**DATA EXCERPTS**
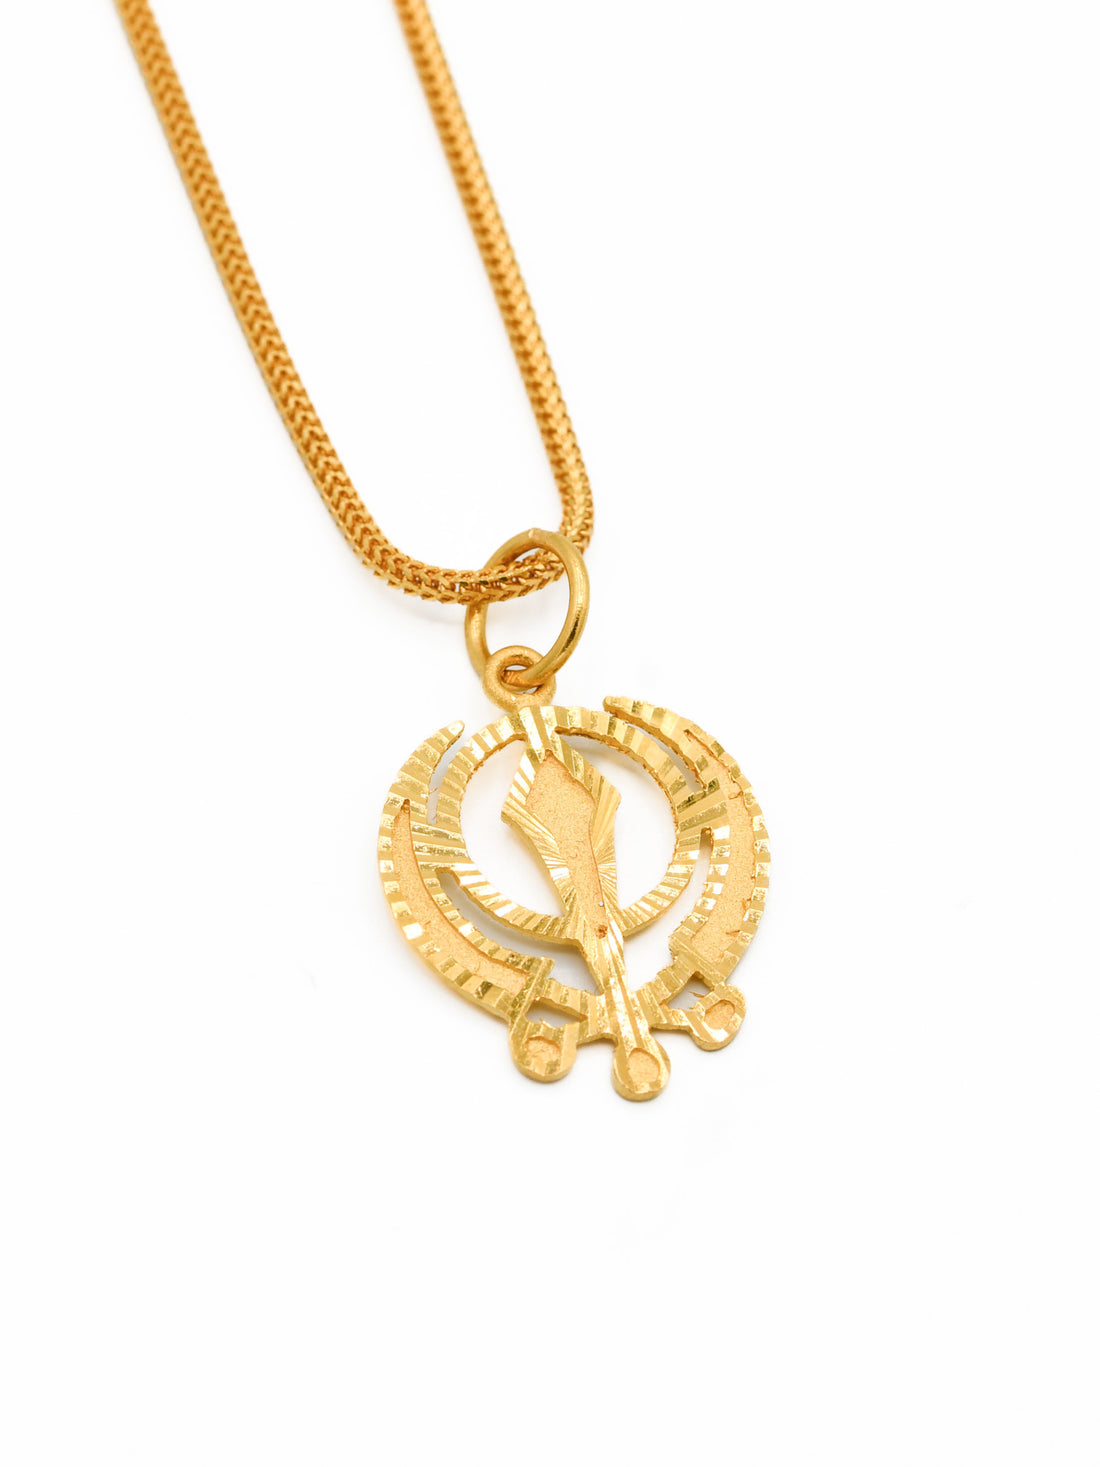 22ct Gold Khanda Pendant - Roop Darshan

==

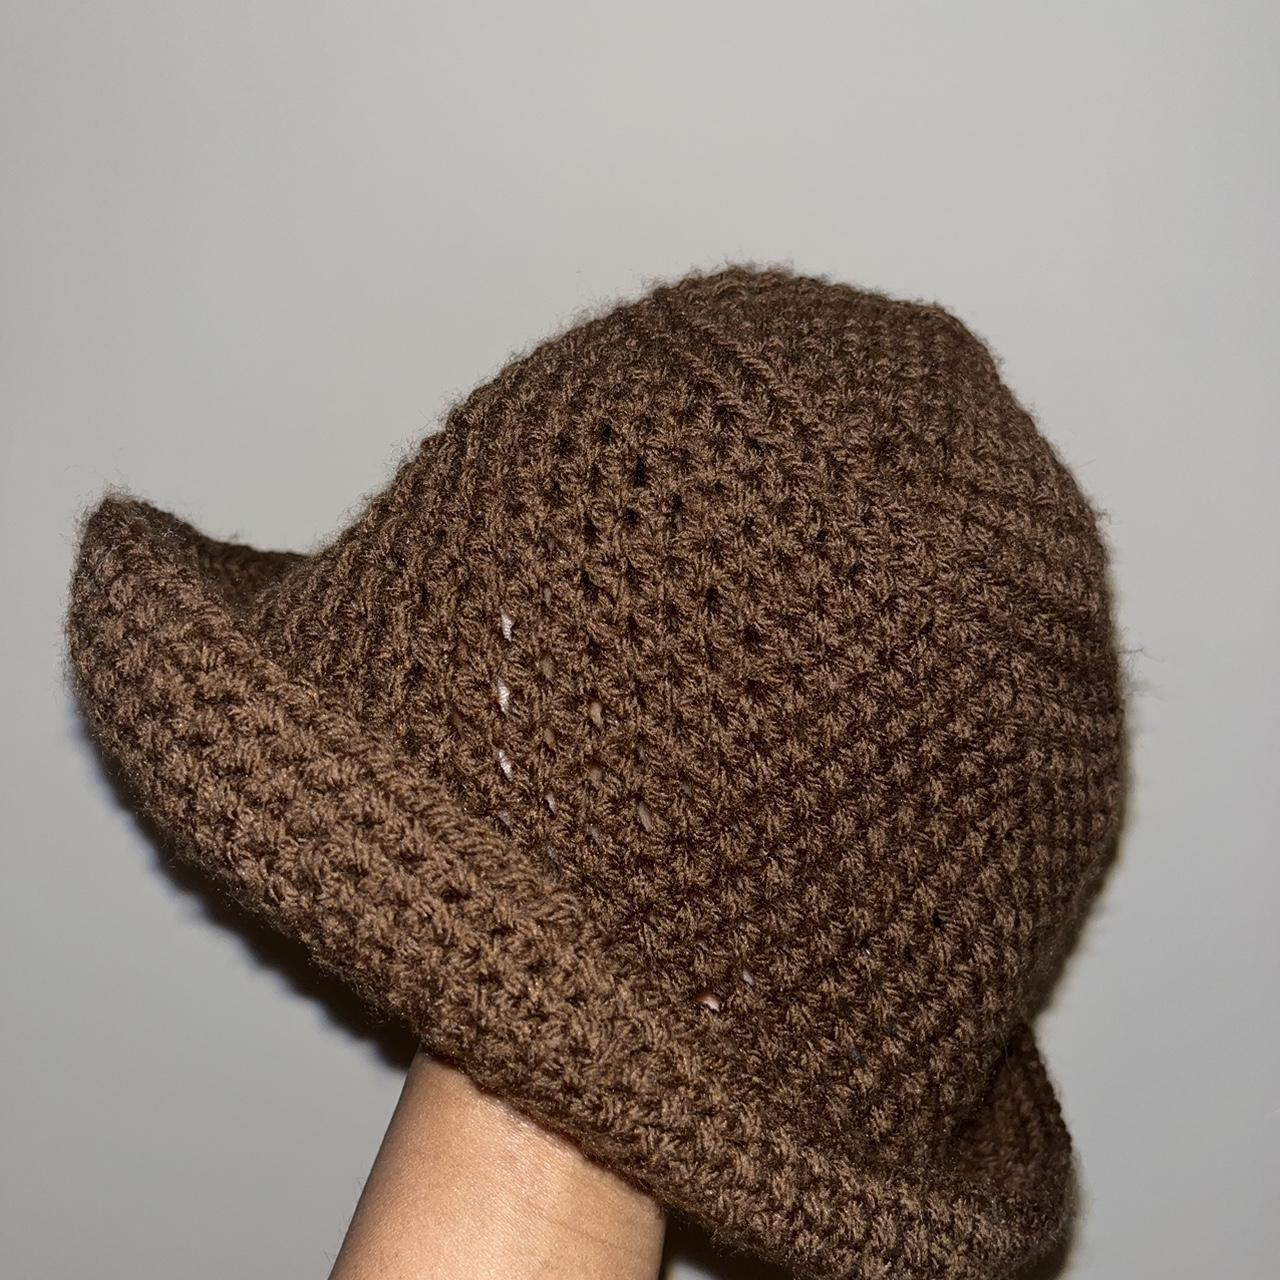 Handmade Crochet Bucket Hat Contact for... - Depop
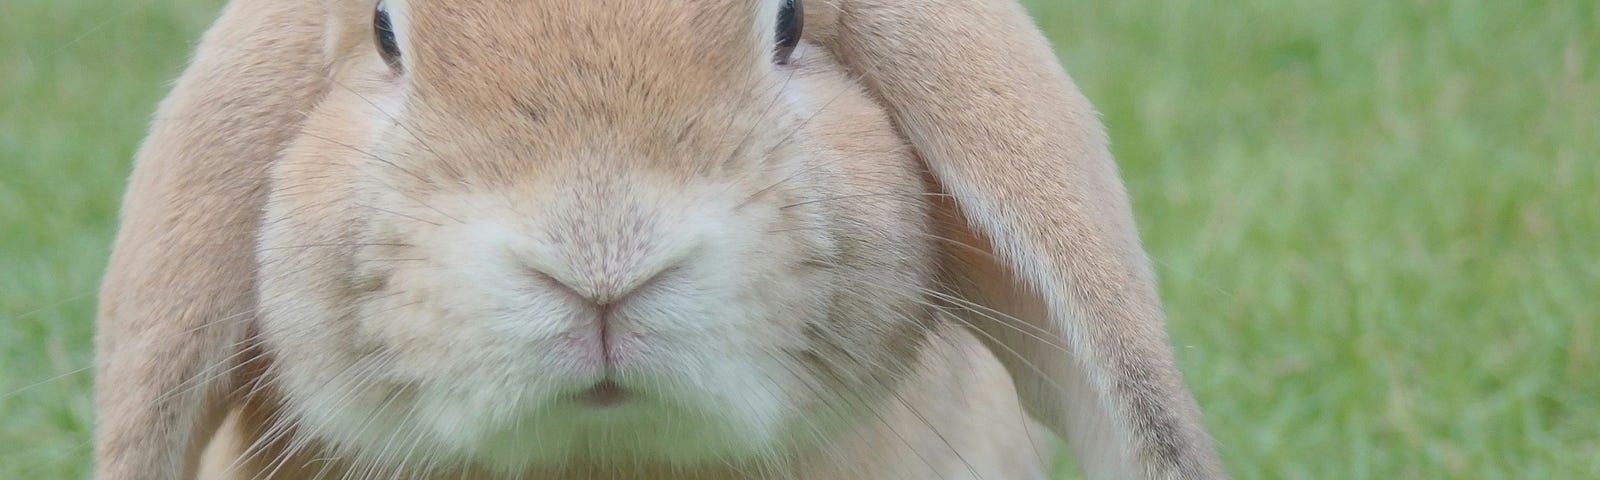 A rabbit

* * *

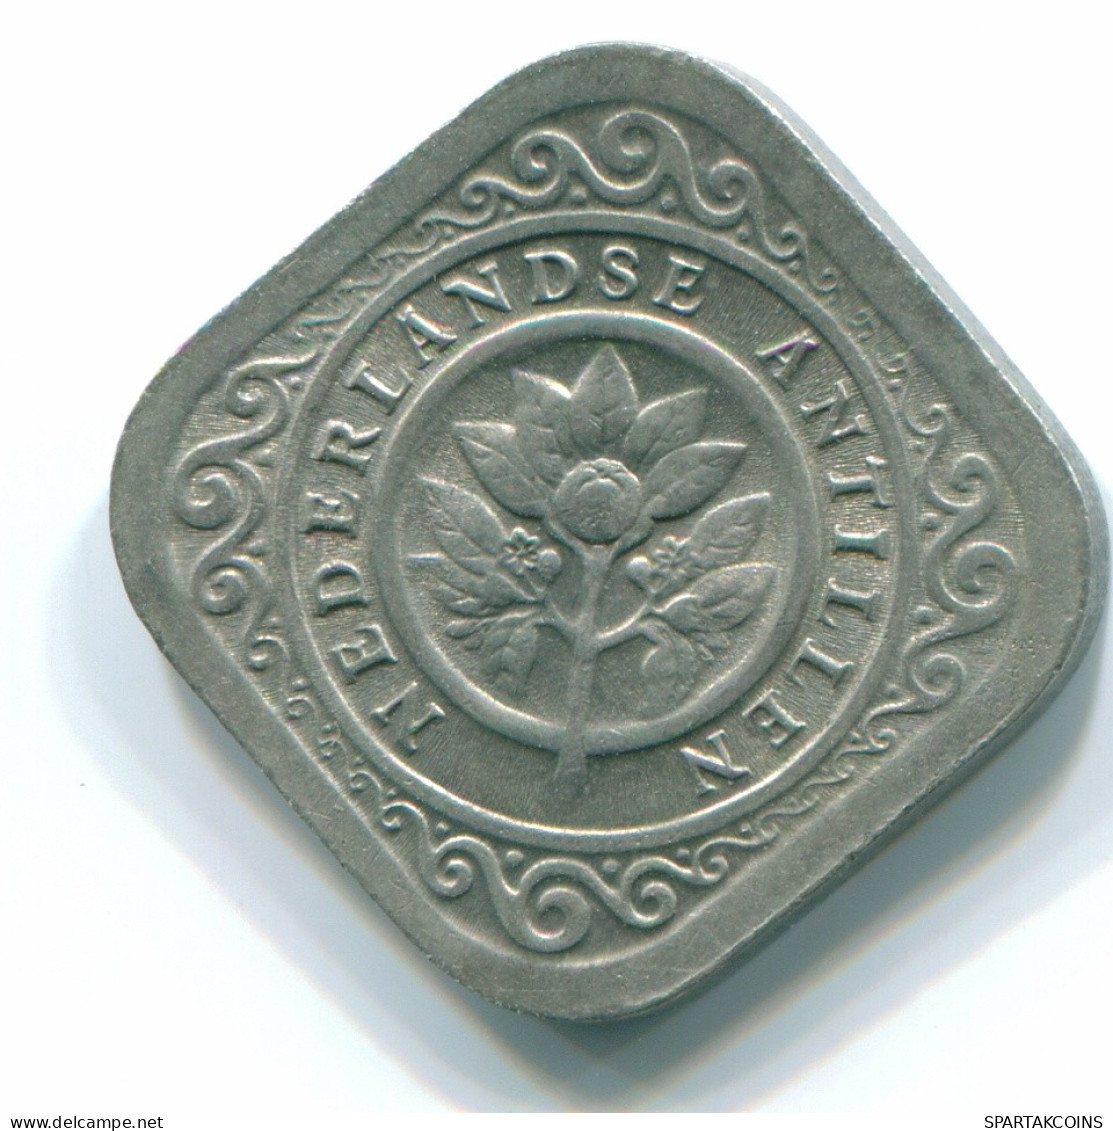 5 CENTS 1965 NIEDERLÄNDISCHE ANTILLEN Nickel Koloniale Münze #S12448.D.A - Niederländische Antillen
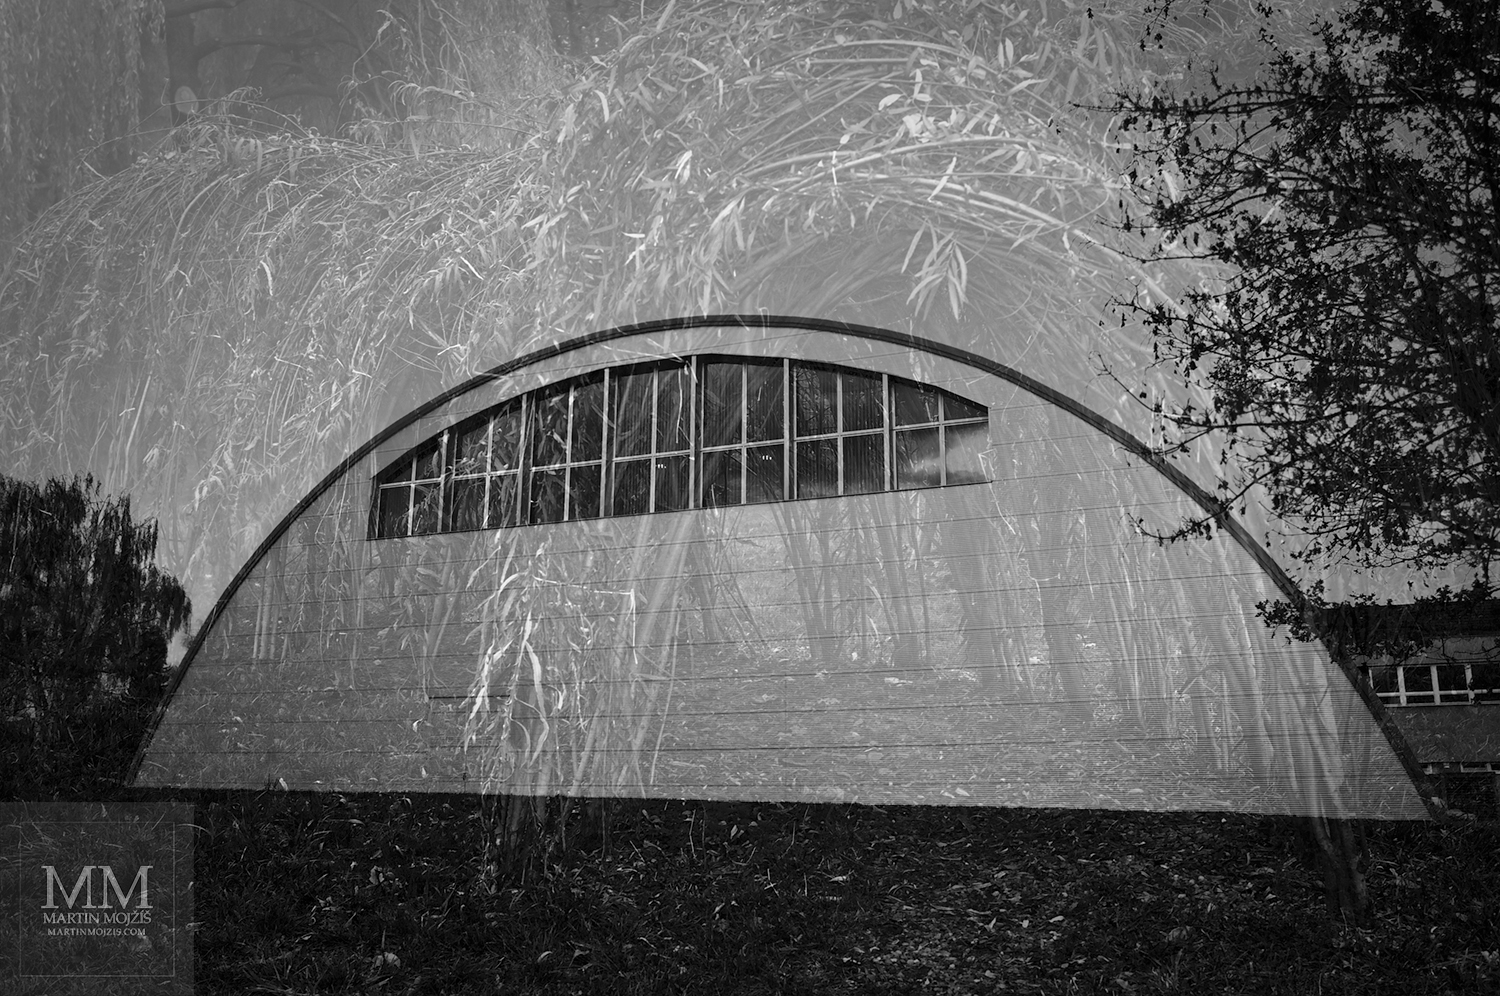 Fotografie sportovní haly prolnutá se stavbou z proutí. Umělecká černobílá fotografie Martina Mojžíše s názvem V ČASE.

**TASK DETAILS**
Repeat exactly the lines above, beginning at the one containing "5 CENTS 1965" and ending at the one containing "Fotografie sportovní haly". Do not carry over any pictures.

**ANSWER BELOW**
 5 CENTS 1965 NIEDERLÄNDISCHE ANTILLEN Nickel Koloniale Münze #S12448.D.A - Niederländische Antillen
 Fotografie sportovní haly prolnutá se stavbou z proutí. Umělecká černobílá fotografie Martina Mojžíše s názvem V ČASE.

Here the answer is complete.